Set trigger node's delay time from context value

Sure, don't mind explaining at all! And great suggestion, but I'm using msg.topic later on in the flow to help track what device a TCP response came from. I'm sure there's another way to do it, but that's what I've got right now.

This part of the flow is meant to collect a bunch of information from a group of display hardware, projectors in this case, and save the states collected to context storage, to be accessed at anytime by other systems that need the information. Data collected are things like power state (on/off/warming), shutter state (open/closed), etc.

Essentially, it starts with a heartbeat, a timestamp at a regular interval. This passes through a function that, for each timestamp, generates as many individual JSON objects as I have queries to send, and sends those out evenly spaced over the course of the regular interval established at the inject node/timestamp. (This is why I would love to have a function that took its delay time from context, because then I could have an inject node create a regular 1sec pulse, and using a trigger and a function ready to send msg.complete, decide which of those timestamps pass through later on, to create whatever interval works best. By having that function grab that delay value from context, like the other nodes that are using it, I wouldn't have to change that interval time at several places during testing... just change one number around until i get the timing right.)

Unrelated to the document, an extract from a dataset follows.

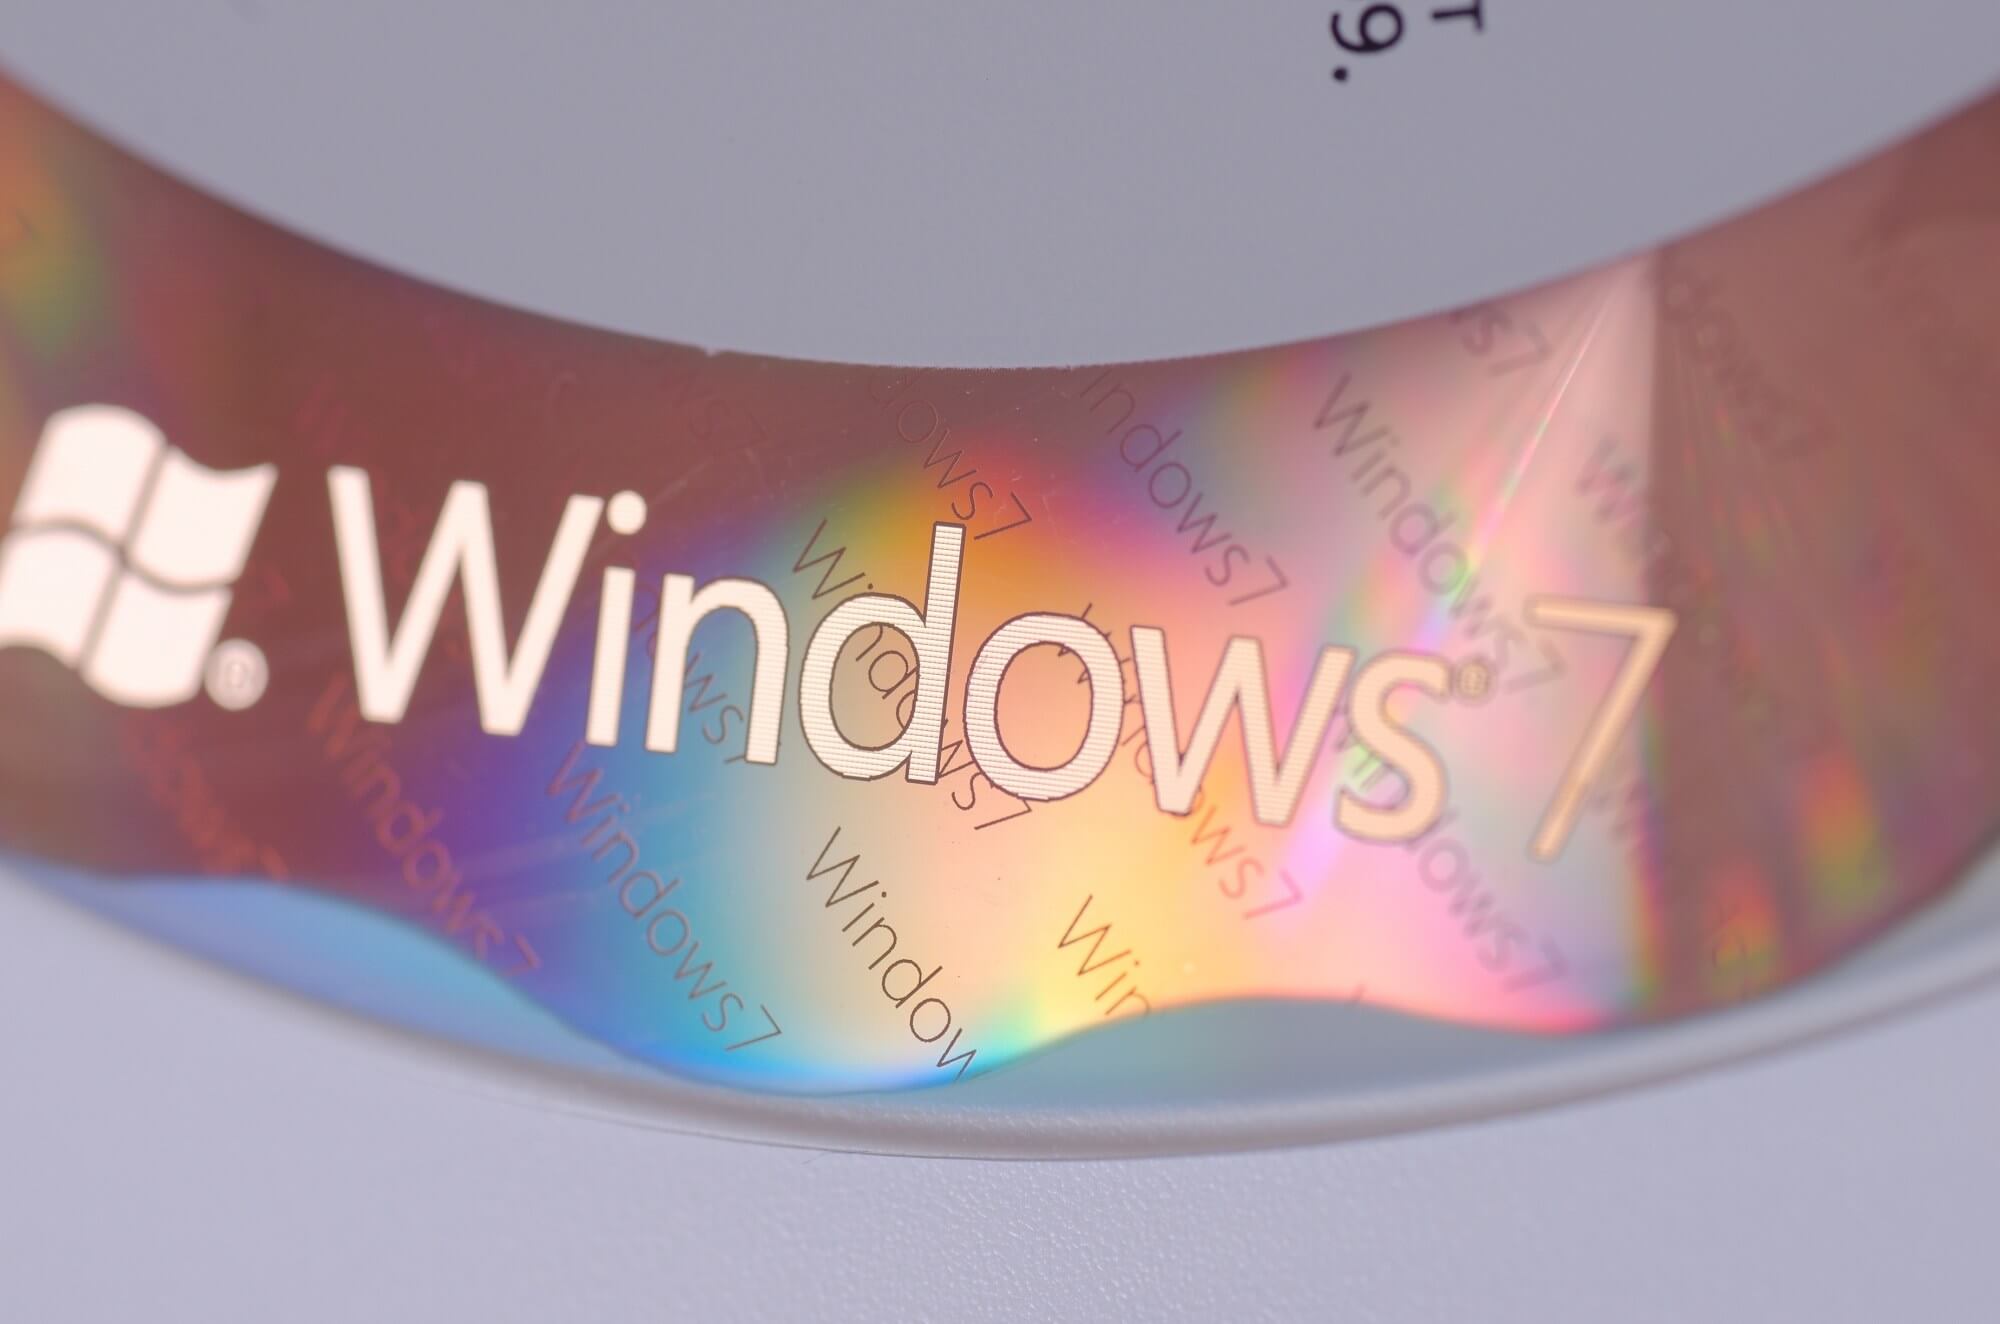 Microsoft reveals how much Windows 7's extended support will cost

Then, each of those individual JSON objects pass through another function that replicates it 8 times, but gives each copy it's own network addressing information and sends it out via TCP. The responses from those devices come back via TCP (and if no connection, a catch node grabs the error and passes that), and the responses are parsed and saved to flow context.

Honestly, the way it is right now will work fine. I've just been trying to learn a bit more about writing functions within NR, as I've been able to simplify a good deal of things I've made in the past. And being able to set the delay time globally inside a single node lets me perform operations on that number inside however many nodes later, like divide the overall delay time by the number of messages being sent within that time to allow maximum spacing between them, for ex.

Thanks for reading and offering some wisdom!